---------- GIVEN DATA ----------
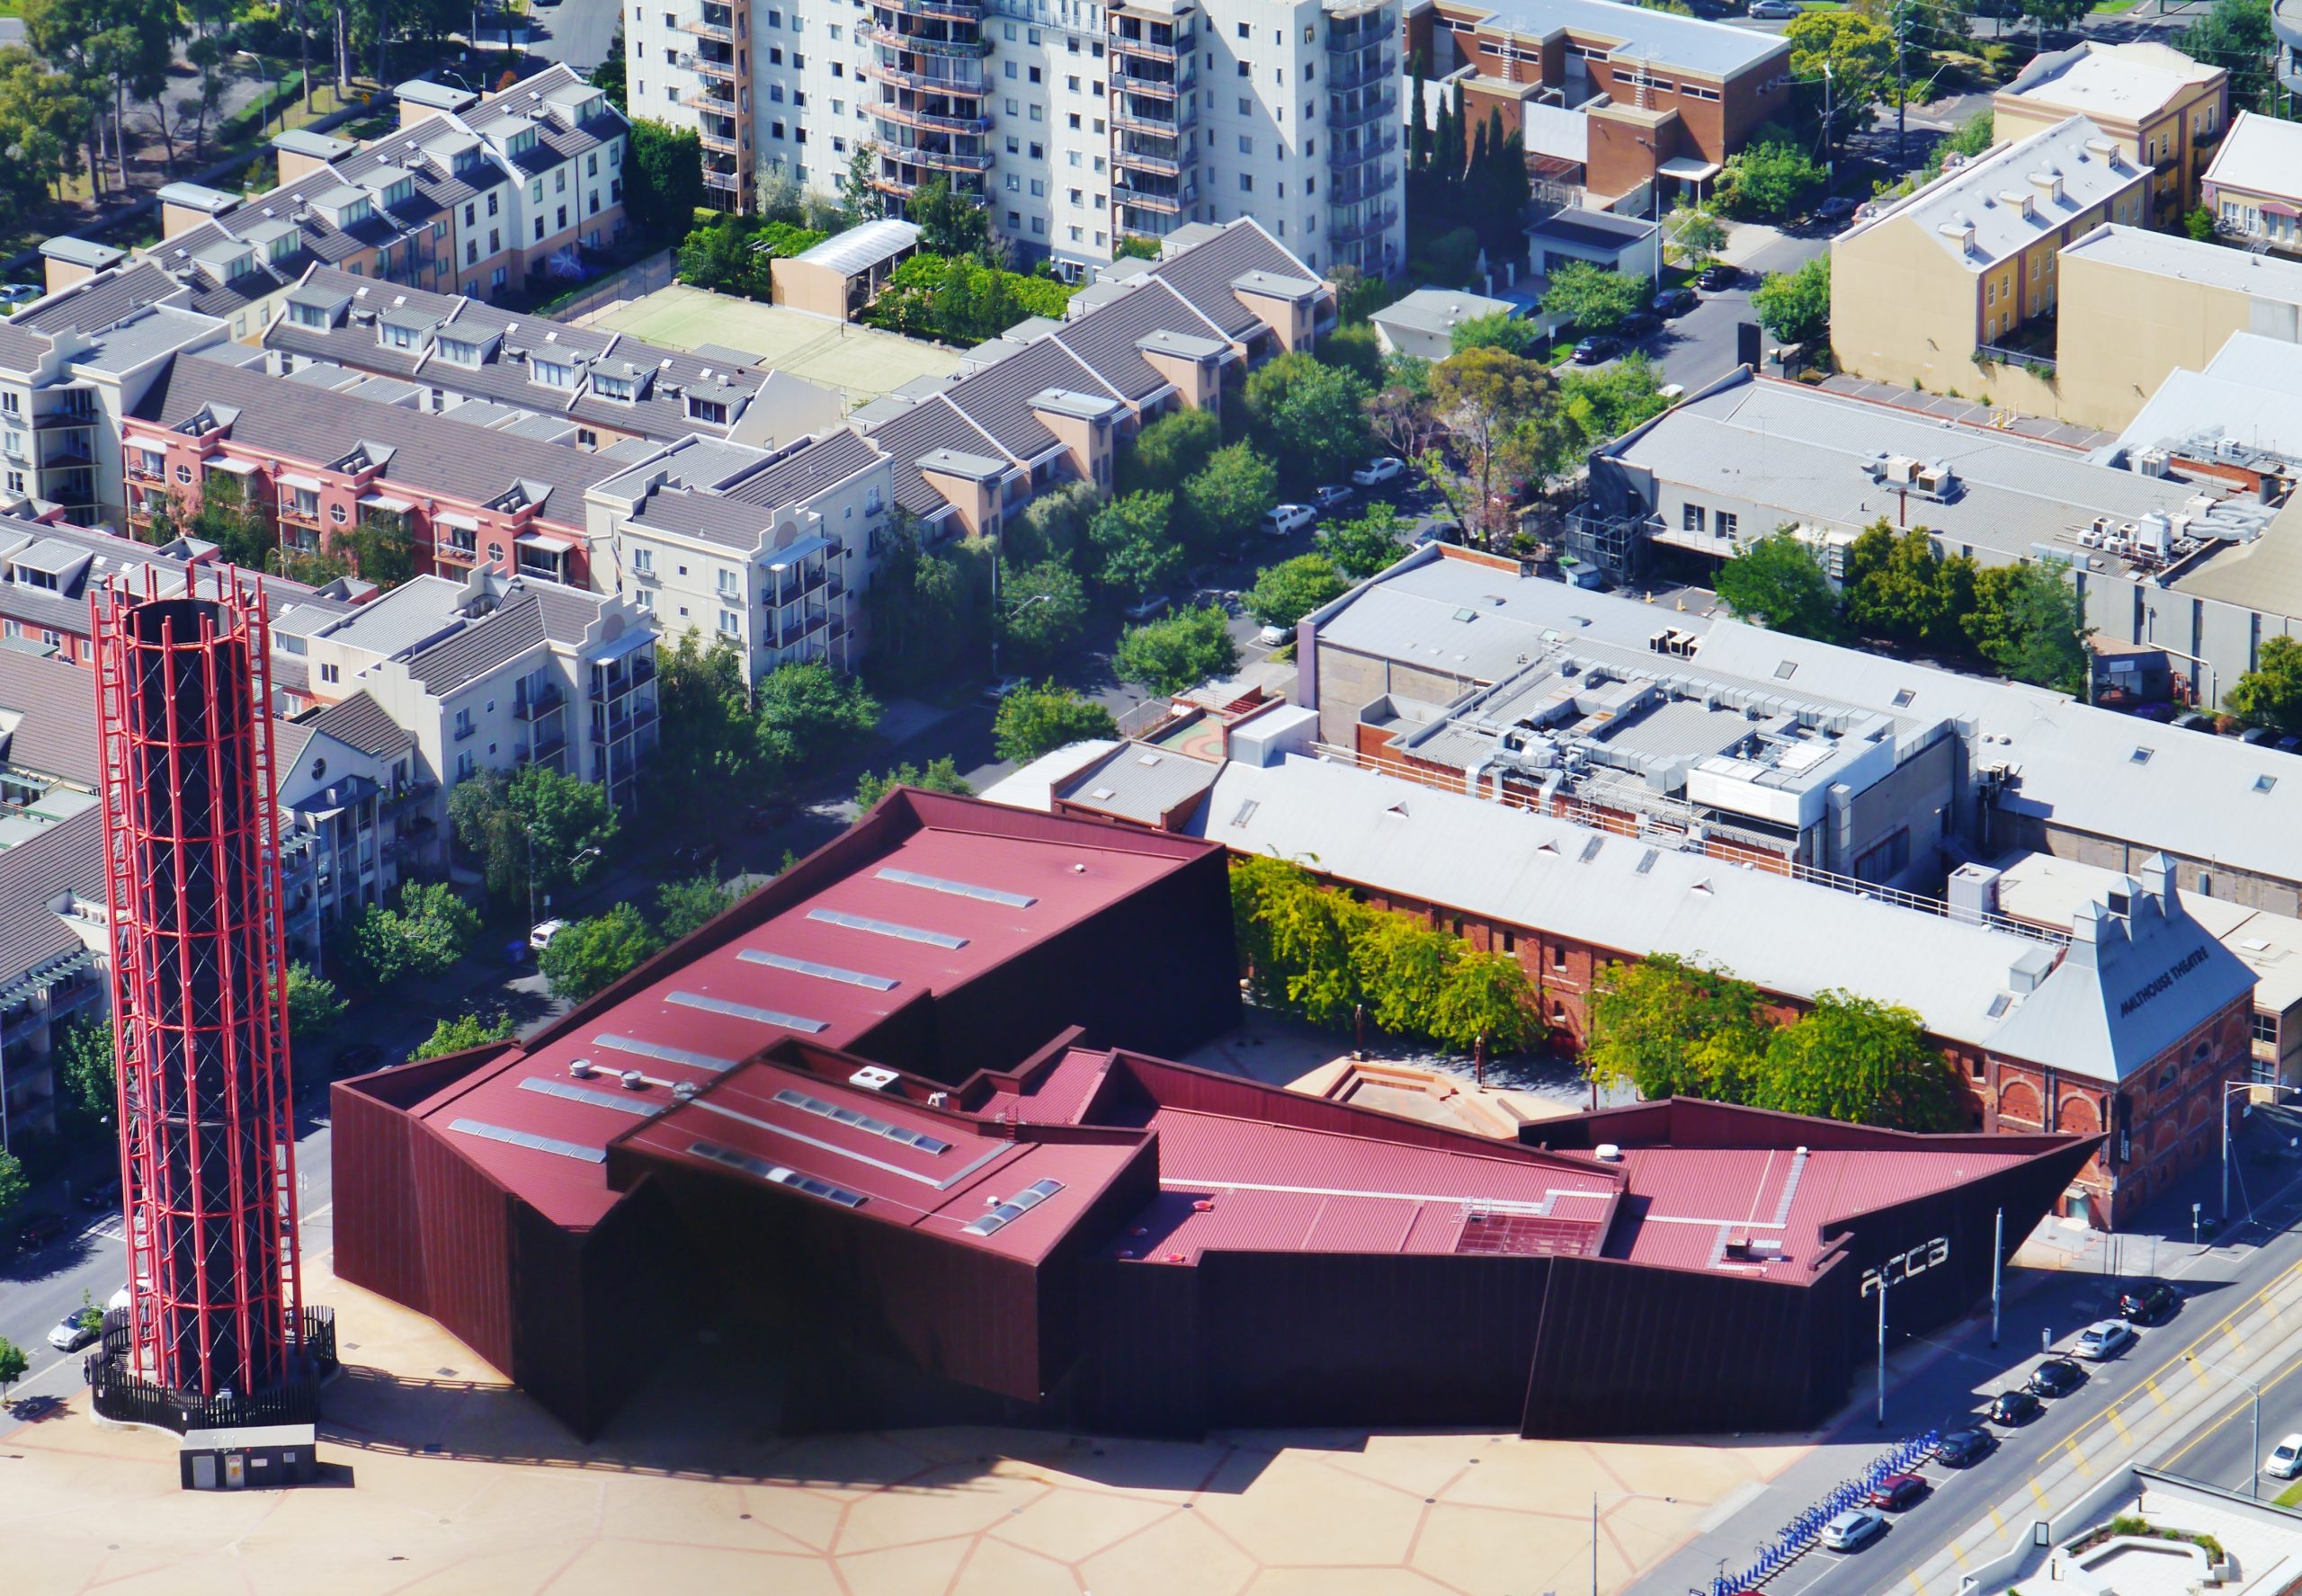 An aerial view of the red rust building of the Australian Centre for Contemporary Art (ACCA) museum in Melbourne, Australia.
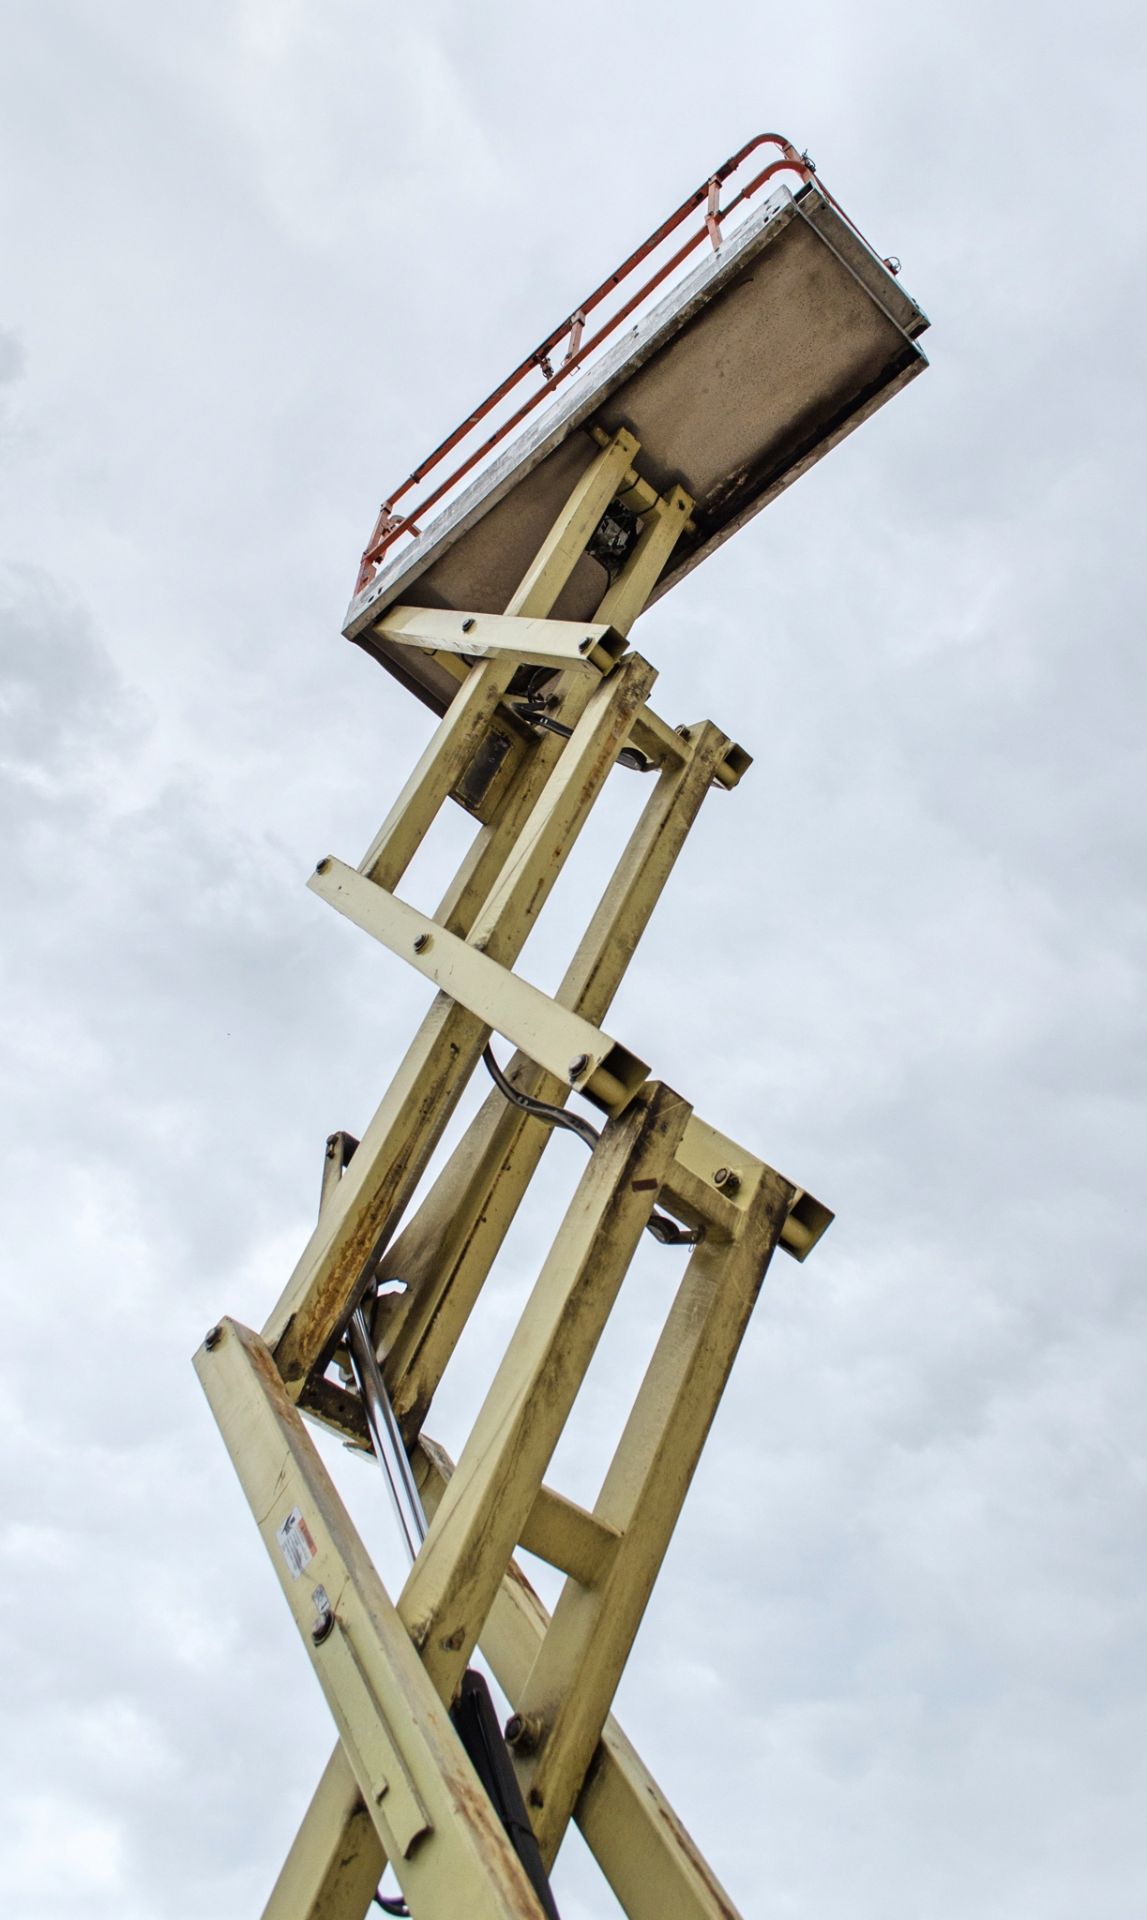 JLG 2630 ES battery electric scissor lift Year: 2006 S/N: 10681 Recorded Hours: 456 HYP066 - Image 6 of 10
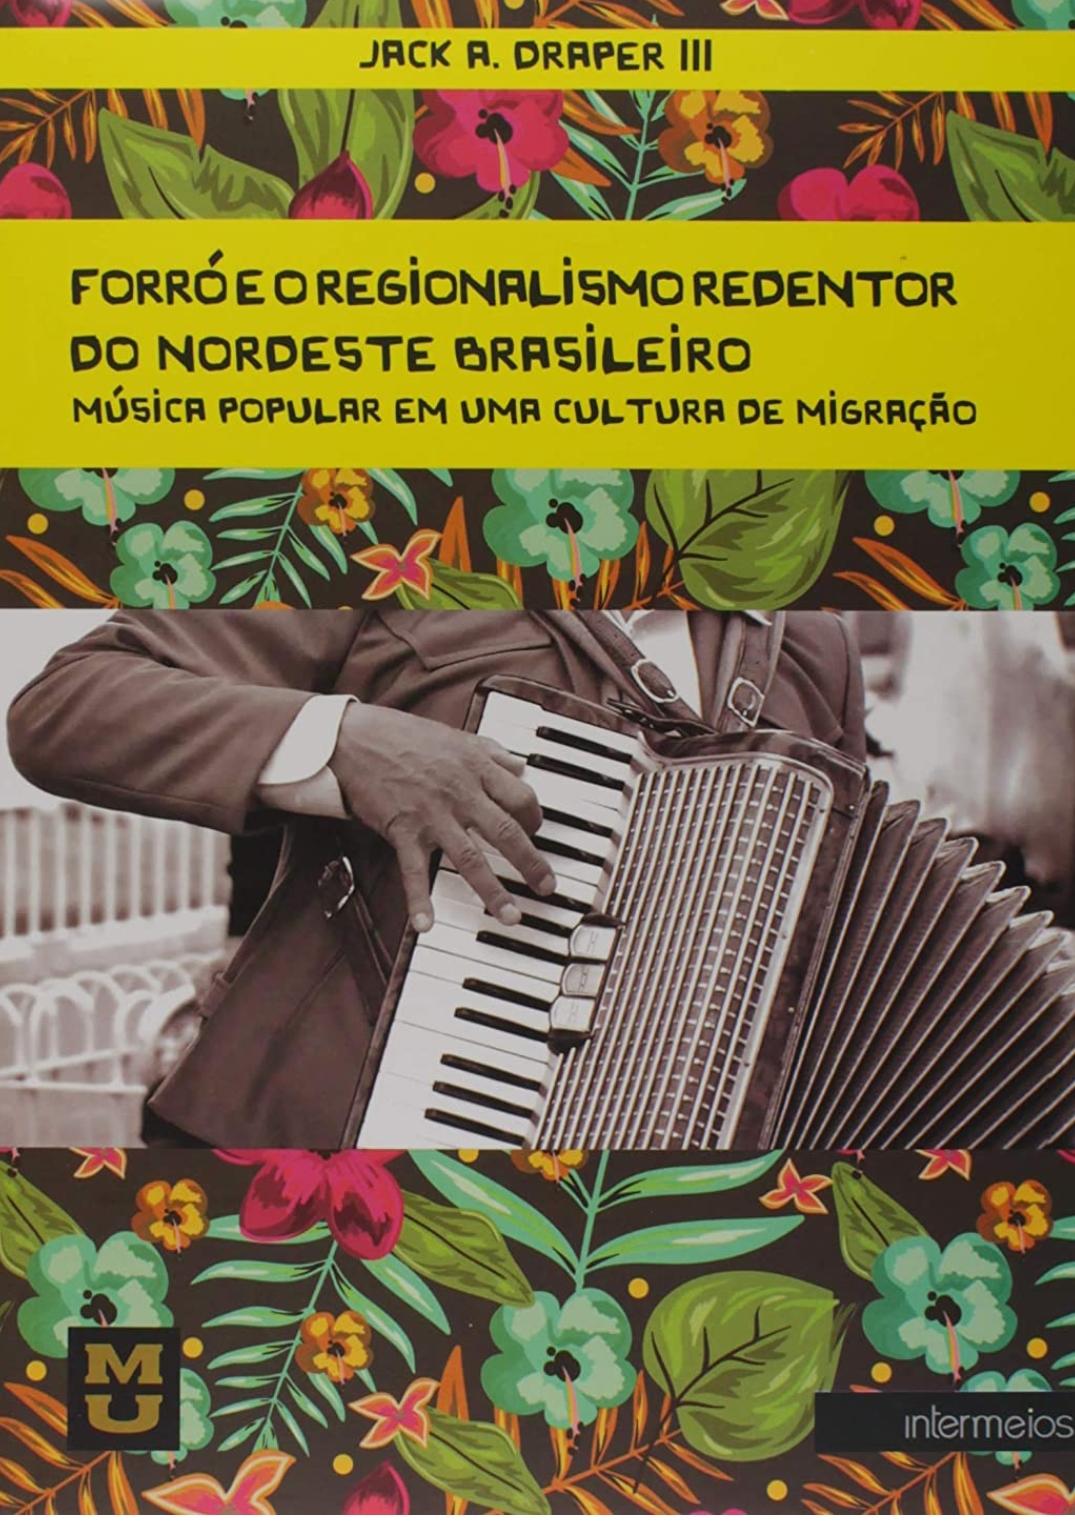 Draper III, J.A. (2010) Forró and Redemptive Regionalism from the Brazilian Northeast: Popular Music in a Culture of Migration. New York: Peter Lang Publishing
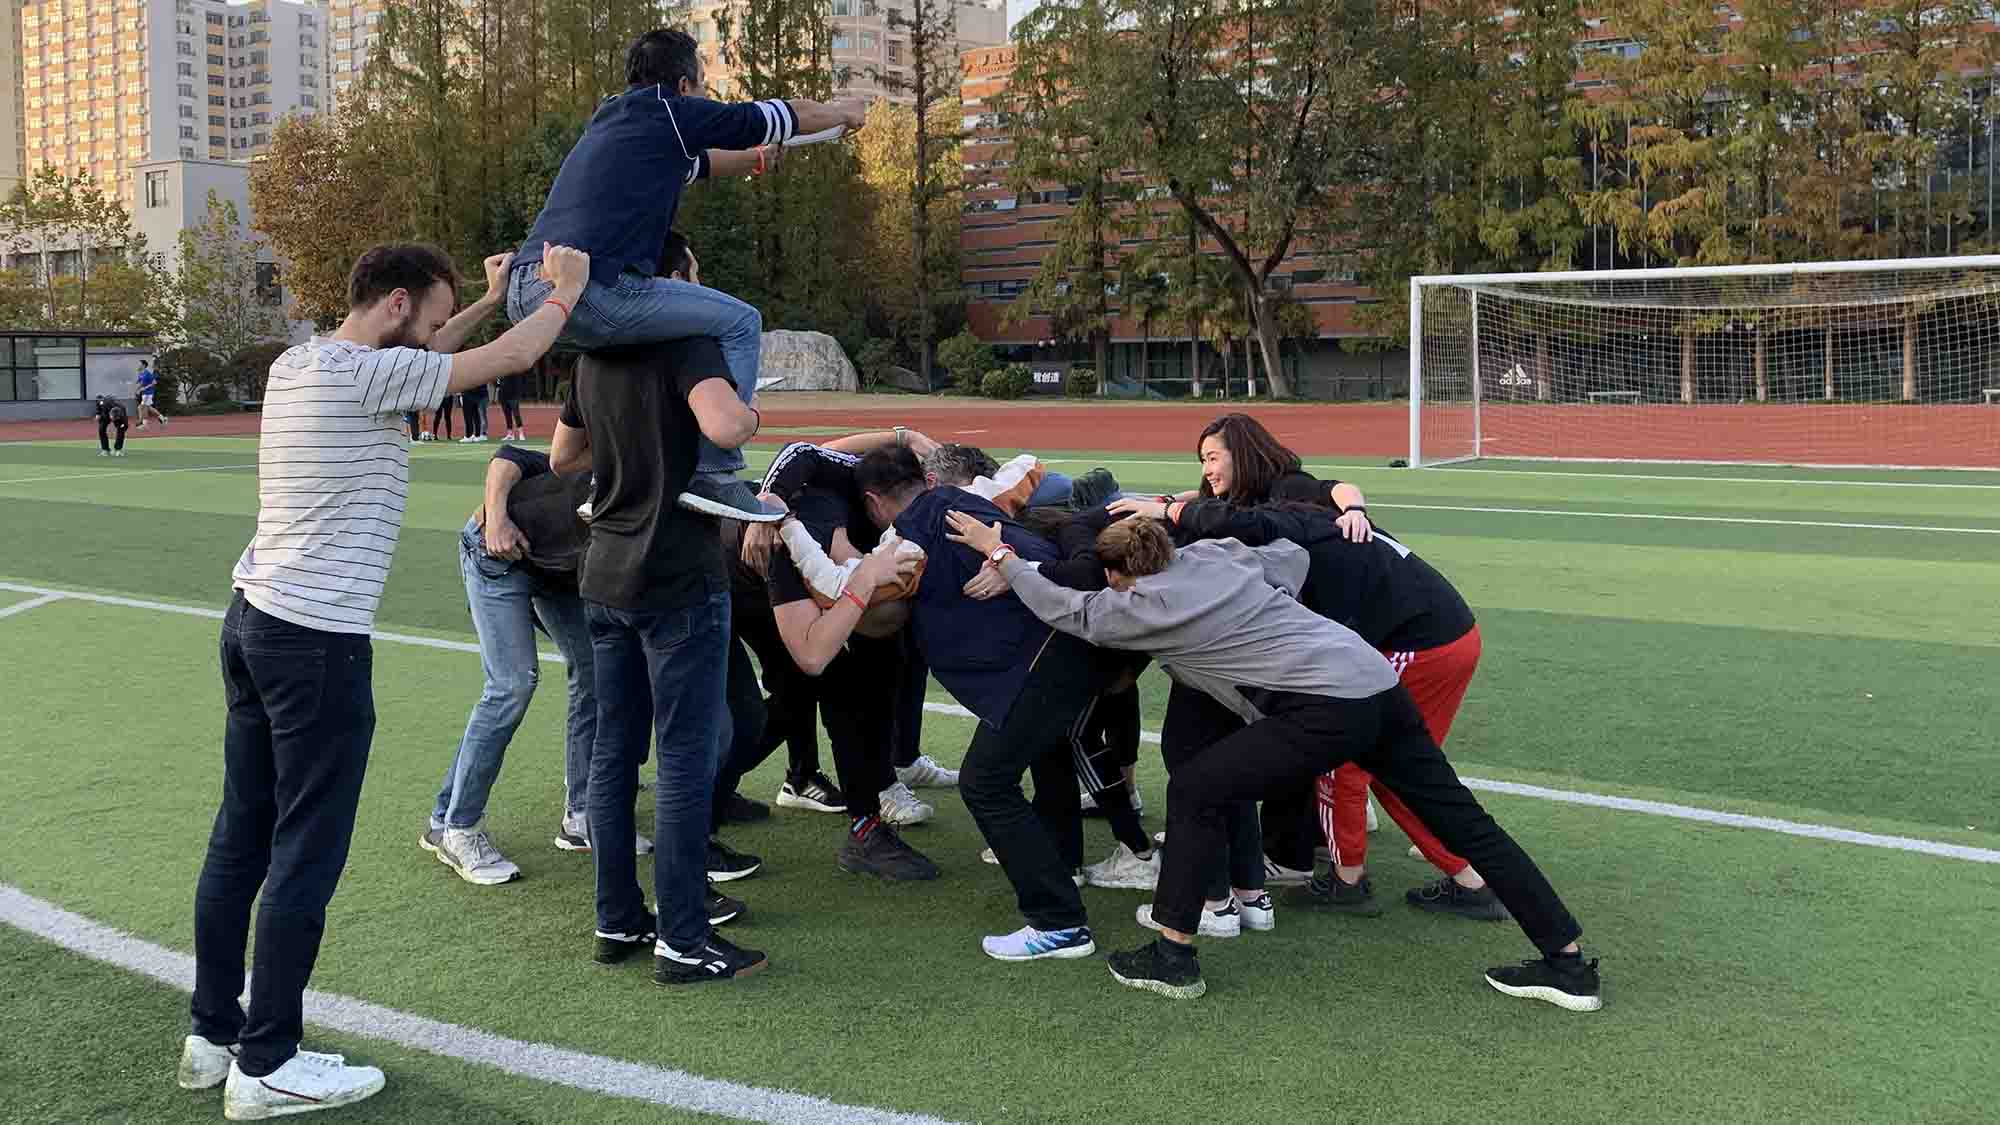 challenging Olympics-themed team building activity
----------
● **WHAT THE TASK REQUIRES**
Print the listing exactly. No pictures belong in the copy.

● **EXERCISE SOLUTION**
 An aerial view of the red rust building of the Australian Centre for Contemporary Art (ACCA) museum in Melbourne, Australia.
 JLG 2630 ES battery electric scissor lift Year: 2006 S/N: 10681 Recorded Hours: 456 HYP066 - Image 6 of 10
 Draper III, J.A. (2010) Forró and Redemptive Regionalism from the Brazilian Northeast: Popular Music in a Culture of Migration. New York: Peter Lang Publishing
 challenging Olympics-themed team building activity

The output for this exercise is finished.